Все, что делали меченосцы на подходе к Узмени, соответствовало желаниям Александра. Казалось, он предвидел все, что обеспечивало успех его войску в предстоящей битве. А если меченосцы разгадали его замысел? Устоят ли русские полки под напором рыцарской железной свиньи? Не устоят — много прольется крови. Александр старался представить себе все, что могло случиться в битве. И самое тревожное, горькое чувство, какое переживал он, был не страх встречи с сильным и храбрым противником, даже не опасность поражения, а страх того, что меченосцы, разгадав его замысел, не примут боя; не переступив Узмень, повернут вспять и уйдут к Юрьеву, под защиту городских стен. Дать врагу безнаказанно уйти с поля, избежав битвы, — что может быть позорнее!

Некоторое время Александр прислушивался к шуму и крикам, которые ветер доносил с того берега. Нет, не к уходу готовится войско крестоносцев. Оно торжествует победу. Пусть! Тем беззаботнее перейдут крестоносцы Узмень…

Лицо князя снова омрачила тревога. Перейдя Узмень, не оставят ли рыцари сильные сторожи на озере? Тогда потерпевшее поражение на русском берегу войско их сможет бежать с поля. Пополнив силы, меченосцы станут угрожать новым походом. Быть ли тому? Затем ли он вел полки, чтобы дозволить латынянам и впредь безнаказанно тревожить русские рубежи? Пусть крестоносцы кровью своей ответят за преступные свои замыслы, за те беды, кои принесли они Руси.

Александр позвал отрока.

— Найди, паробче, воеводу Василия Спиридоновича, — сказал он. — Передай: глядел бы он на Узмень.
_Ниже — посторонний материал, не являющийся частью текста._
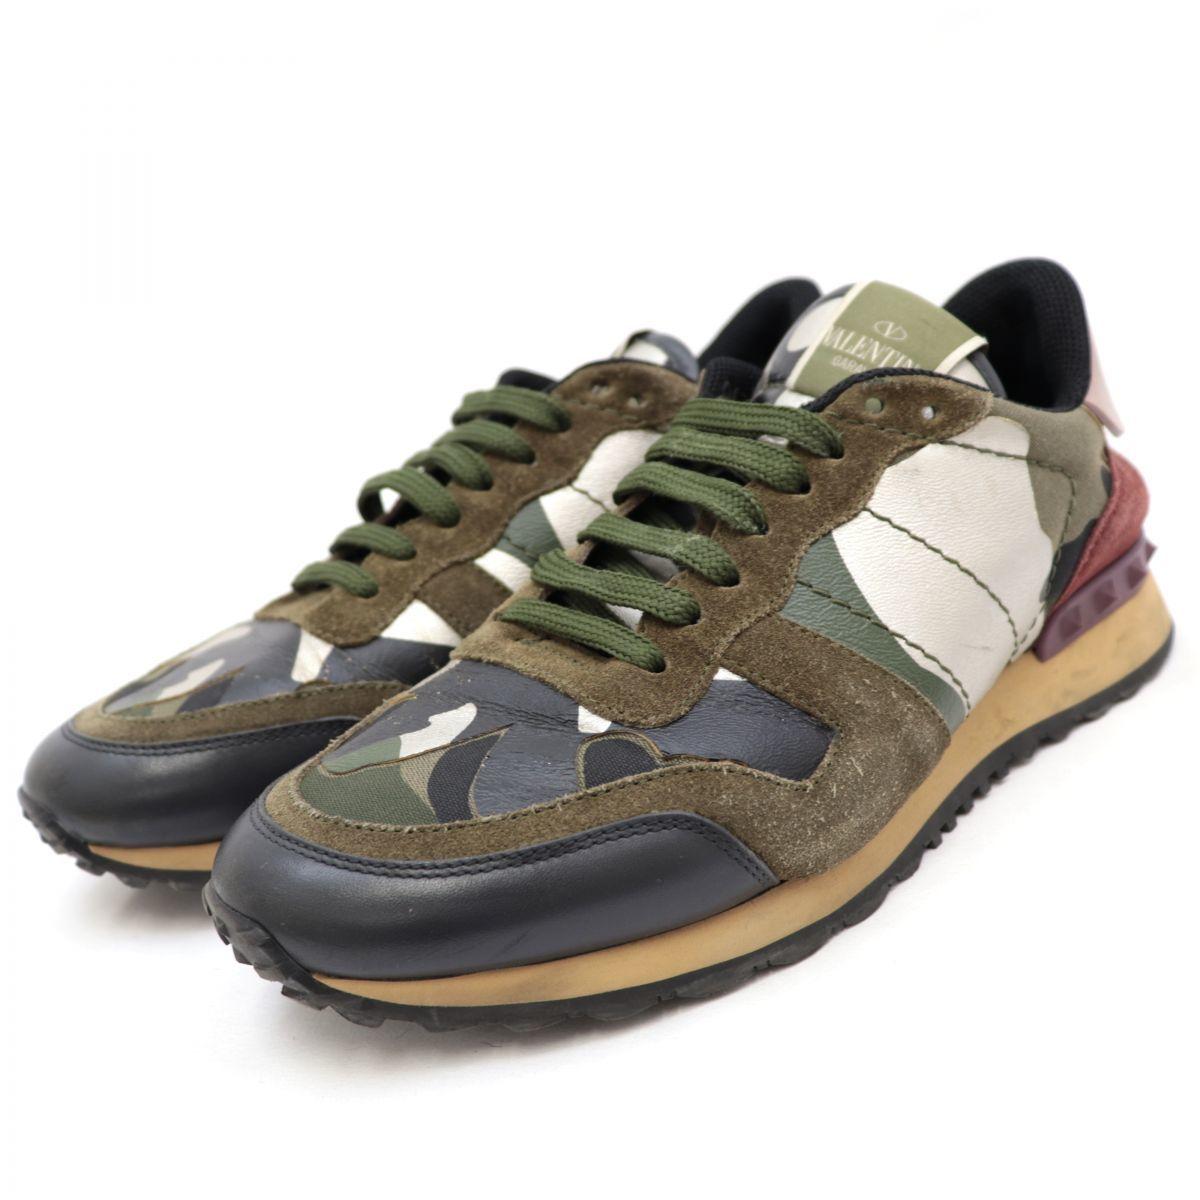 Valentino Garavani Camouflage Suede Sneakers Men's Khaki Multi Rock Studs

Пойдут лыцари да оставят сторожи — хватал бы он те сторожи, чтобы не нашли крестоносцы вольного пути на свой берег.

— Сделаю, как велишь, княже.

— Иди!

Мысли Александра перенеслись в Новгород. Боярин Федор писал недавно, что в Новгороде тихо. «Старые вотчинники молчат, не чинят преград». И о том писал Федор Данилович, что взял он за княжий двор все вотчины Нигоцевича, указал рубежи вотчинные; смердов и холопов обложил данью. «Кроме нигоцевичевых, взял я, княже, за тебя вотчинку на Мете покойного болярина Стефана Твердиславича. Вымер род болярина, и наследников у него нету. Хороша и людна вотчинка. В совете господ боляре молчали, а владыка Нифонт благословил писать грамоту. Добро бы, княже, и на Пскове отписать за княжий двор вотчины боляр-переветов…»

Вспомнив о грамоте боярина и о том, что писал он о княжих вотчинах, Александр повеселел. «И в том прав Федор Данилович, — подумал он, — что советует поискать вотчин на Пскове». Будут отписаны за княжий двор вотчины псковских бояр-изменников, еще громче и требовательнее станет голос князя на вечевой степени и в Грановитой палате.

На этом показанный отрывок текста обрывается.